I saw the below meme recently of a stretched phone screen, a ridiculously long message, and a caption outlining the neurodivergent trait of sharing every detail to avoid miscommunication.
I laughed at first because I’m known for doing this. It's exactly how my brain works. I talk, write, text, email, and explain everything. Yet it also hit a nerve.
I’ve always done this. I don’t give short summaries without feeling like I've left something out. Everything becomes an essay. As a child and an adult, I've constantly watched people misunderstand what I am saying. So I no longer trust that people will understand me without the full picture. I either overshare and get acknowledgements that make me feel bad for oversharing, or I share too little and end up explaining myself again. There is no middle ground. I don’t understand how non‑neurodivergent people do it. It is not intentional or attention-seeking. It’s how my mind processes information.

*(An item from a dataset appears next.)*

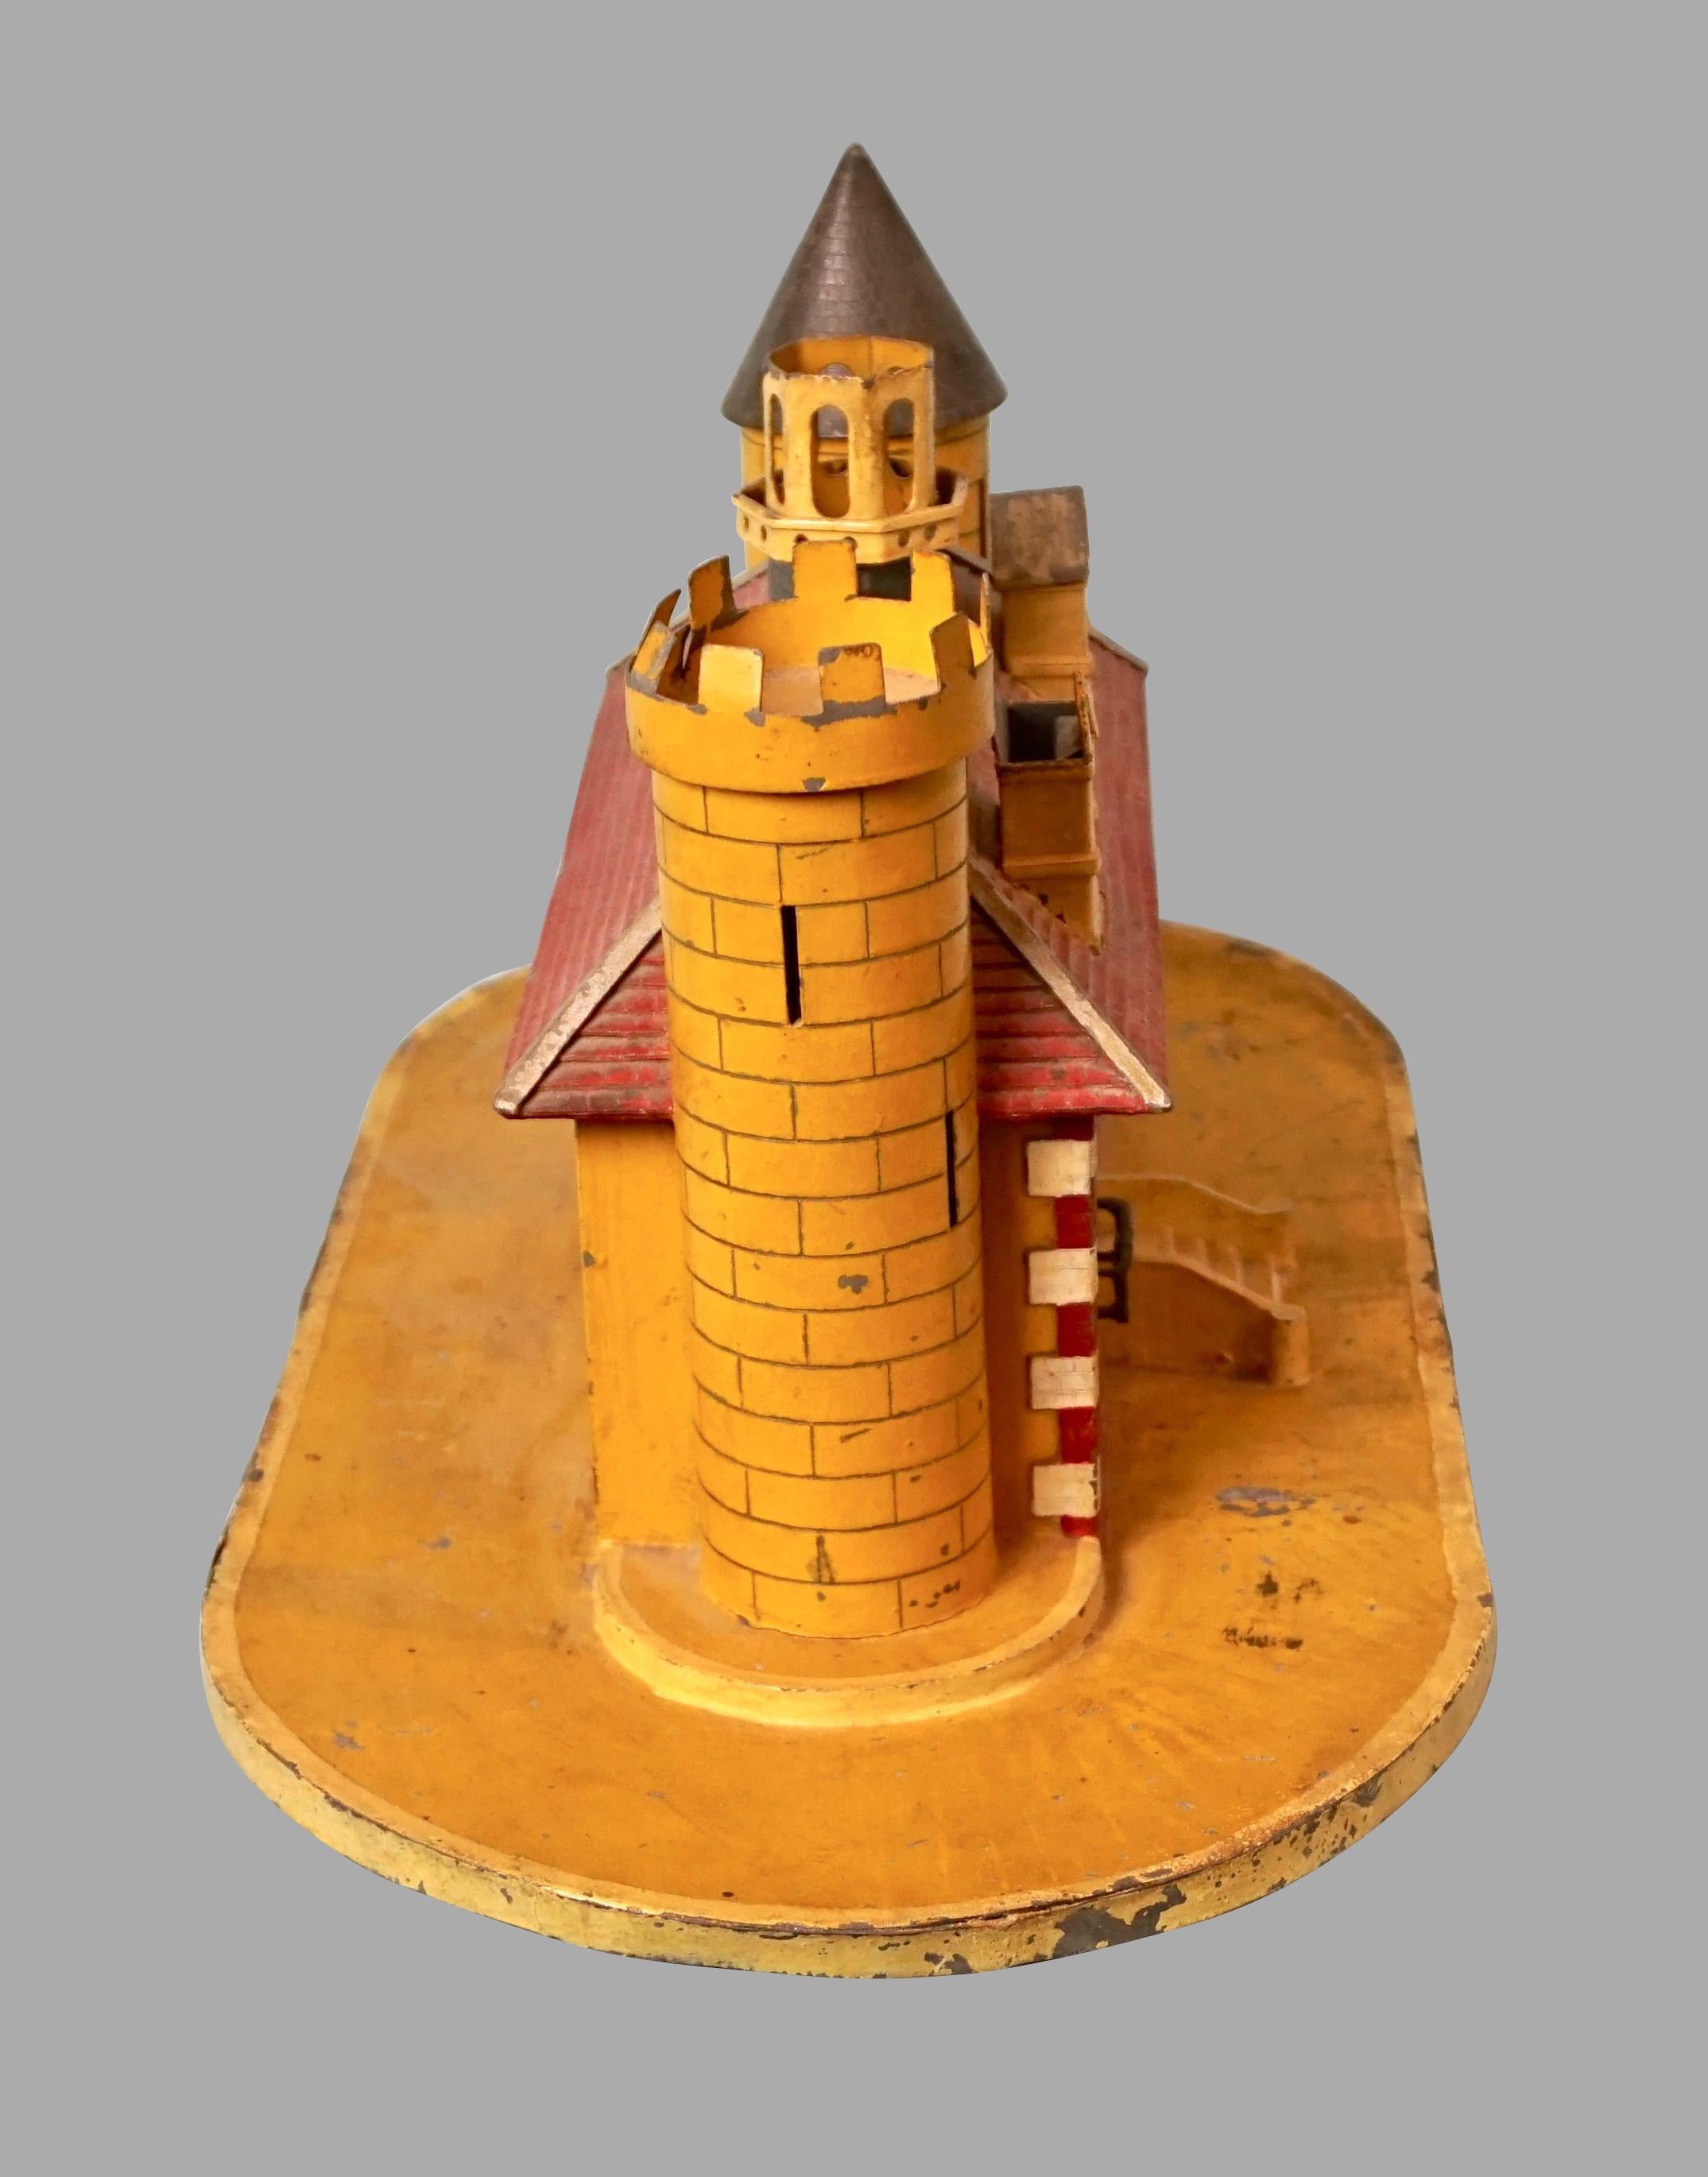 A charming English Victorian painted tin bank in the form of a castle, the turreted building painted in an array of bright colors with a peaked roof. Coins are retrievable from a slot in the bottom. Circa 1900.

I get replies like “thank you for your detailed email” or “thank you for outlining everything so thoroughly.”
These phrases are just polite ways of saying I have written too much. Context or setting doesn't matter. I still write essays. James’ recent thirty-two-page school complaint is a perfect example. I reduced it as much as I could using a paraphrasing and shortening tool, and it still ended up being thirty-two pages. Imagine if I hadn't done that.
I try to manage it through a grammar app subscription that fixes spelling, grammar, fluency, summarises paragraphs, checks plagiarism, and reduces text, but I still get told it’s too much. It is frustrating. I am not trying to overwhelm people or be intense. Just concise.
This has always been a thing. As a child I had delayed speech. I couldn’t verbalise everything I wanted to. I struggled to explain what I thought or needed. I knew what I meant, but the words never came out correctly or in a way that matched people's expectations. In primary school I once wrote a two-page answer for one question and missed the other four because time ran out, making me use a writing guide. Nevertheless, my old English workbooks were full of stories that went on for pages, yet none were finished.
Secondary school gave me another example. I once failed a GCSE R.E mock because the question said “choose one of the five topics below.” I answered all five. I read the question too quickly and missed the detail. Then I gave so much information that they couldn’t mark it because some answers were stronger than others.
I always interrupted people because the thought arrived fully formed before I recognised the right moment to speak; something I still do. I always blurted out answers without putting my hand up. The thought appeared and I said it. Even today, Hannah tells me to lower my voice or regulate myself. I just not always realise the position I’m in. I struggle to read situations, to understand what people mean when they say one thing but imply another. Instead, I appear as rude or inappropriate. I hate that.
Friendships were affected too. I never understood why friendships drifted. When people did tell me, they said I was too intense or a burden. I shared so much that they did not know where to begin. It hurt. Imagine feeling like the people you care about are exhausted by your presence because you're having a bad day and communicated poorly. Dating was the same. People don’t want someone complicated or overwhelming. I am lucky I have Hannah, although this side of me made things harder when she lived in Cornwall and I lived in Kent.
The reverse is just as frustrating. When I try to be concise, I get responses like “I’m not sure what you mean,” “Let me check I’ve got this right,” or “I think you’re saying...” despite my text being direct. I never imply. Yet, their responses signal confusion, or push the responsibility back onto me. In my head it makes perfect sense. This happened recently with the bishop. It took three attempts before she understood I was talking about disability degeneration, not seeking immediate ordination. She perceived me as impatient and pushy. By the time she understood, she was frustrated, short, and snappy. I was upset and frustrated, questioning myself.
Communication is difficult. I either say too much or miscommunicate.
I'm hoping my ASD assessment helps. My communication style has always been framed as anxiety, dependency, overthinking, or emotional intensity. It has never been viewed as a lifelong pattern of neurodivergent processing and communication.
I am tired of feeling like I am too much and of apologising for the way my brain works. This post is my way of saying it out loud. This is how I communicate and process information. It is not perfect or convenient. It is simply me, wanting to be understood.